At which you guffaw, and rightly so.

Bowl games, and really all intercollegiate sports, are where we have tax-supported institutions (and even the "private" ones are tax supported through government loans to students) fielding teams to play games in tax-financed facilities that are broadcast over government-controlled media. But the purpose is indeed to build community. What kind of community are these events intended to build?

Here's where the flag comes in, because it is the symbol of that community. This is why all sporting events begin with a salute to the flag: this is the time for those in attendance to state the purpose of the gathering. The flag stands for what the gathering is all about, a symbol for the cement that holds the community together.

What does the American flag stand for? Not what did it stand for ten, a hundred, or two hundred years ago, but what does it stand for now? If nothing else, the flag at a sporting event stands for the government's right to take money from people under threat ultimately of death to finance sporting events. You got a problem with that?

But that's not all. When the Blue Angels or Thunderbirds fly over the stadium, the message is that the government has the right to send soldiers where it wills so they can do what soldiers do best, and that's creating a demand for orphanages and hospitals, not filling it. And when there is a moment of silence for "those who have made the ultimate sacrifice," the message is that real heroes go where the ruling class tells them to go, and they fight, kill, and sometimes, tragically, die.
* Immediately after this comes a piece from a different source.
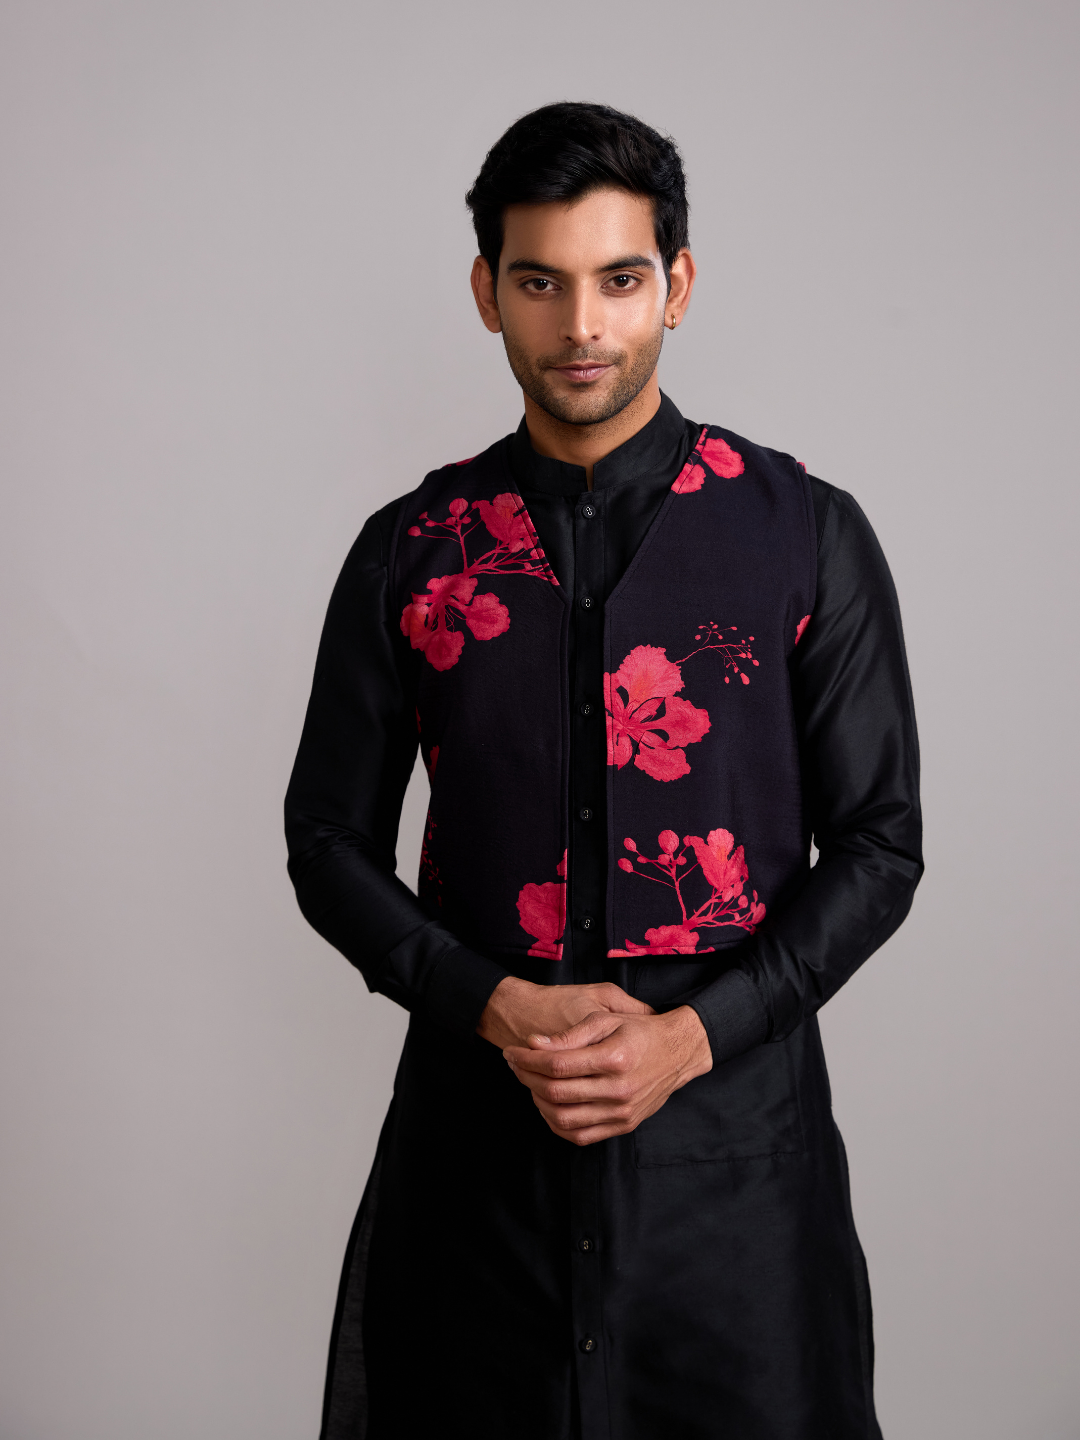 Gulmohar print jacket with mandarin collar straight kurta paired with overlapped hem pants- Rich black
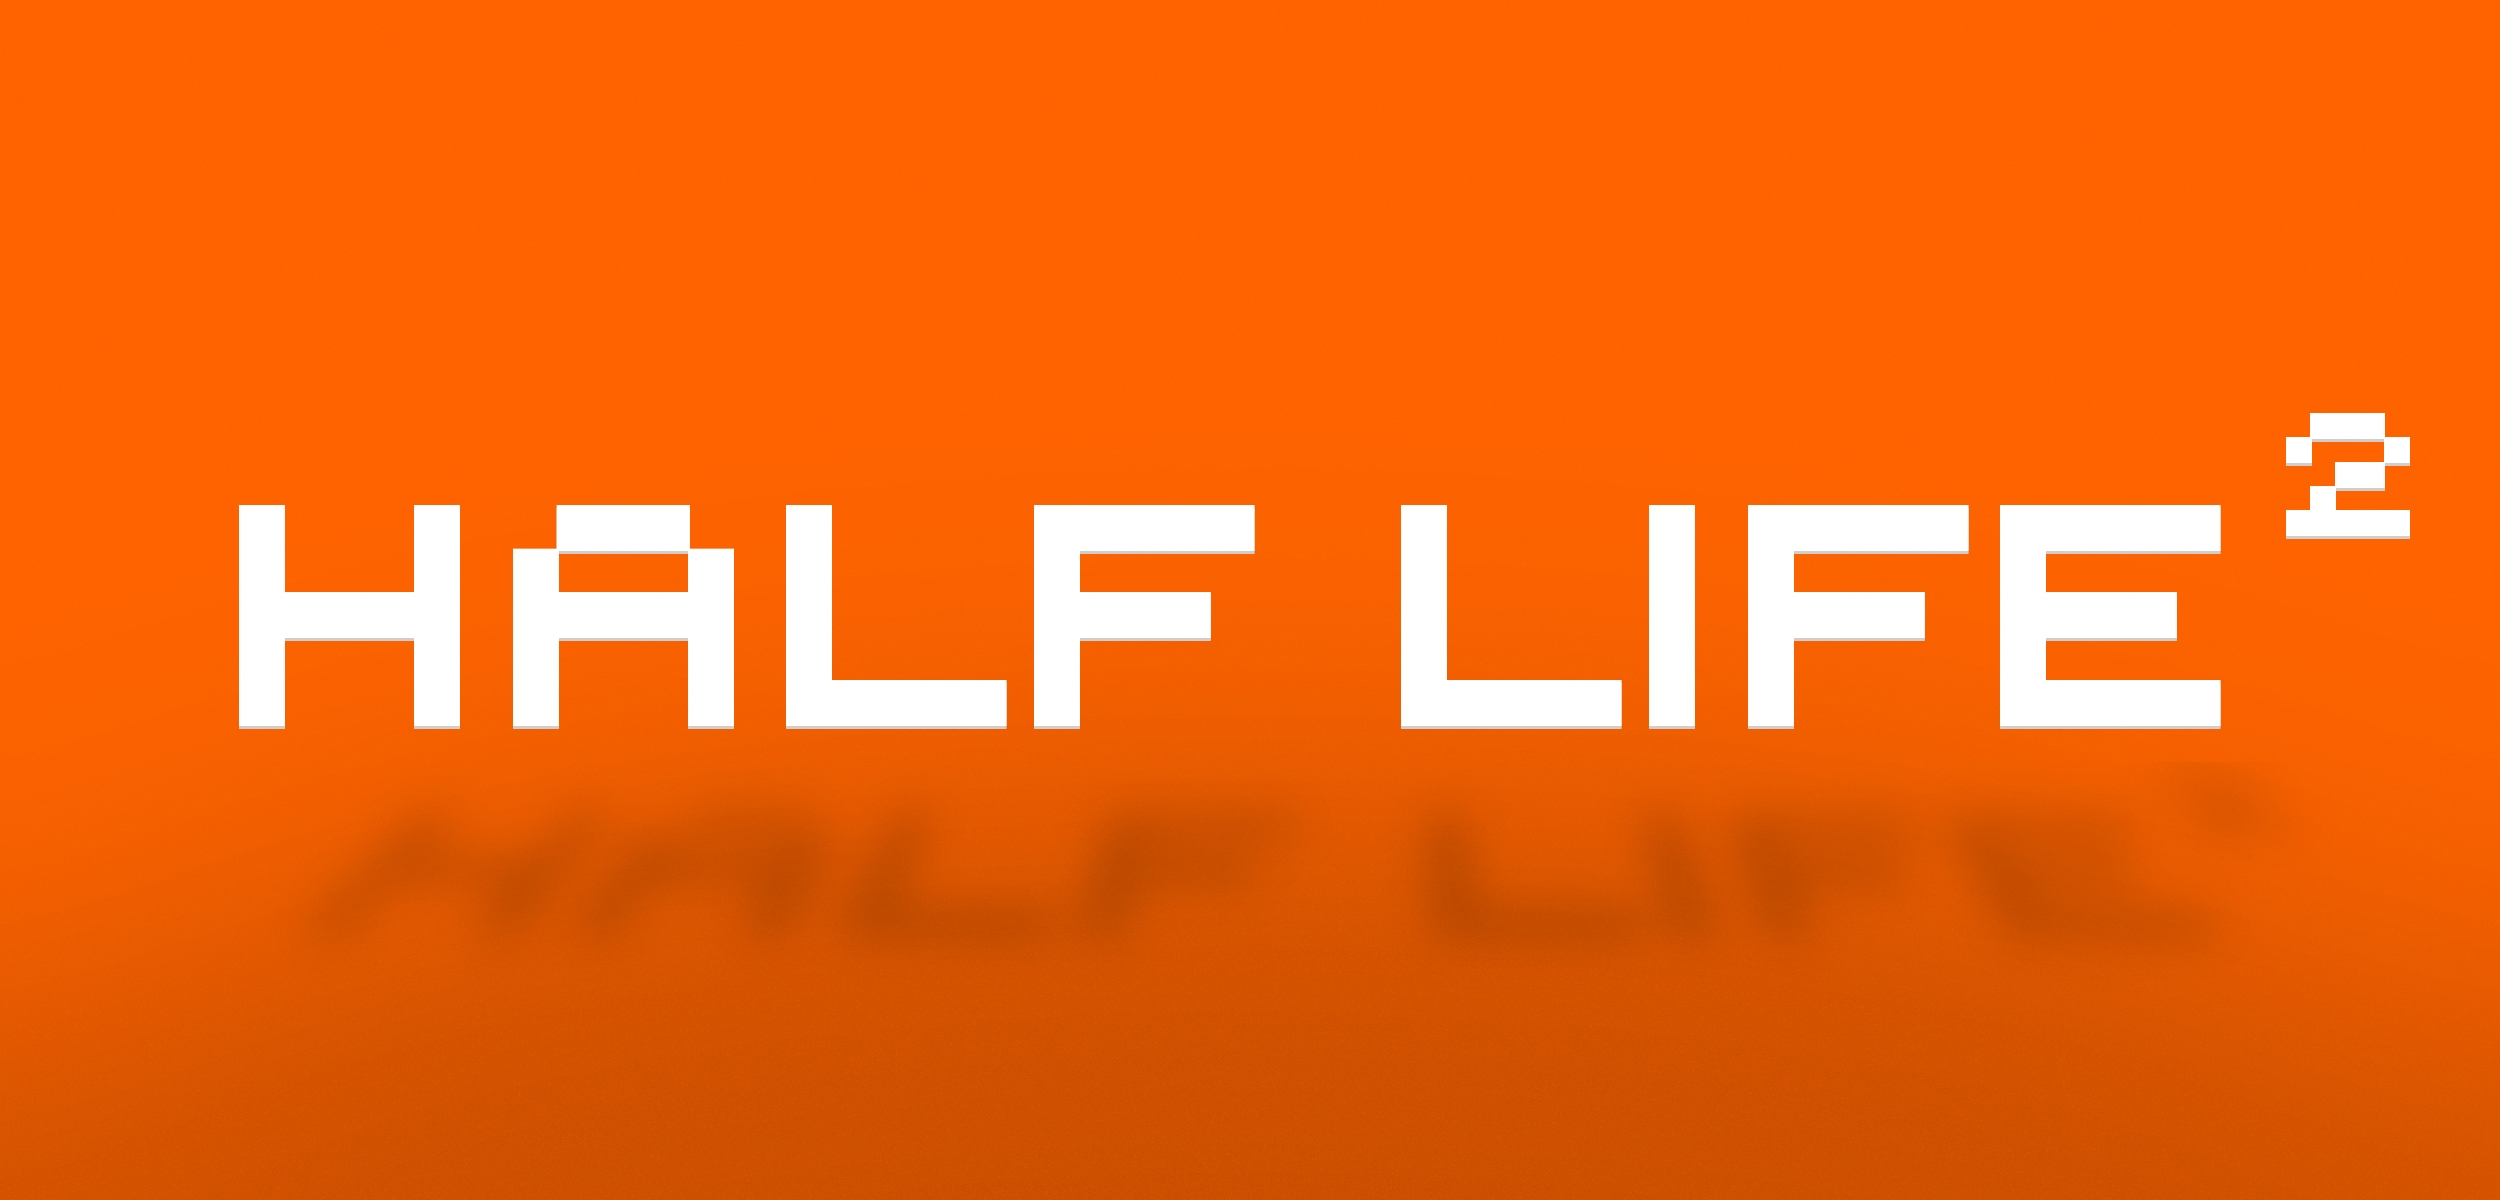 Half-life-themed video game desktop wallpaper by insainabyss.

Are these people the real heroes?

Years ago documents were declassified that showed that Uncle Sam lied to the public to build support for the war in Vietnam. The architect of that war, Robert McNamara, said the same thing before he died within the last year. Yet this is never mentioned during the solemn moments at athletic events.

During the war years, there were at least three men who suffered greatly because their overt opposition to the war was not well received by the public: Daniel Ellsburg, and Fathers Philip and Daniel Berrigan. And, of course, many young men had to choose between leaving their native land for Canada or either serving in a war that they considered immoral or going to prison. Why are these men are never honored? Is it more heroic to march off unquestioningly to participate in a "theater" that involves the killing of innocent people, or is it more heroic to call a lie a lie and suffer rather than go along with it?

I've written about last year's Super Bowl halftime show, how intentionally or otherwise it looked to me like a deliberate poke in the eye of the warfare state. Poke or no poke, that state has become more intrusive and abusive over the last year, but the same company that sponsored last year's show is sponsoring this year's and their featured artists, the Black Eyed Peas, have a song out that pulls no punches in its opposition to Uncle Sam's wars.

Will they dare perform it? If they do, will anyone whose mind might be changed be listening? The song for which I know the Peas is downright crude, and if they perform that song before they perform "Where Is the Love," the Sarah Palin crowd will have turned off, if they had even begun to watch out of curiosity. (What we're known for definitely affects how our message is received.) But the main stream of viewers, for whom "My Humps" is frivolous at worst and the wars are far away, might well be paying attention, and some might even change their minds.

How ironic that a music group that makes its money mocking godly sexuality joins the distinguished ranks of the Berrigans, Daniel Ellsburg, and Bradley Manning and Julian Assange, while the bride of the creator of the universe stands with those who lie to bring on death and destruction. When the foundations are destroyed, what can the righteous do?

UPDATE: On second examination, "Where Is the Love" is not as anti-Uncle Sam's wars as I'd first thought. That should make some people happy.

*I use the word "American" here simply because I expect people to know what I mean, not because I think that Old Glory represents America in any meaningful sense. For what a truly American flag would represent, see my post on America.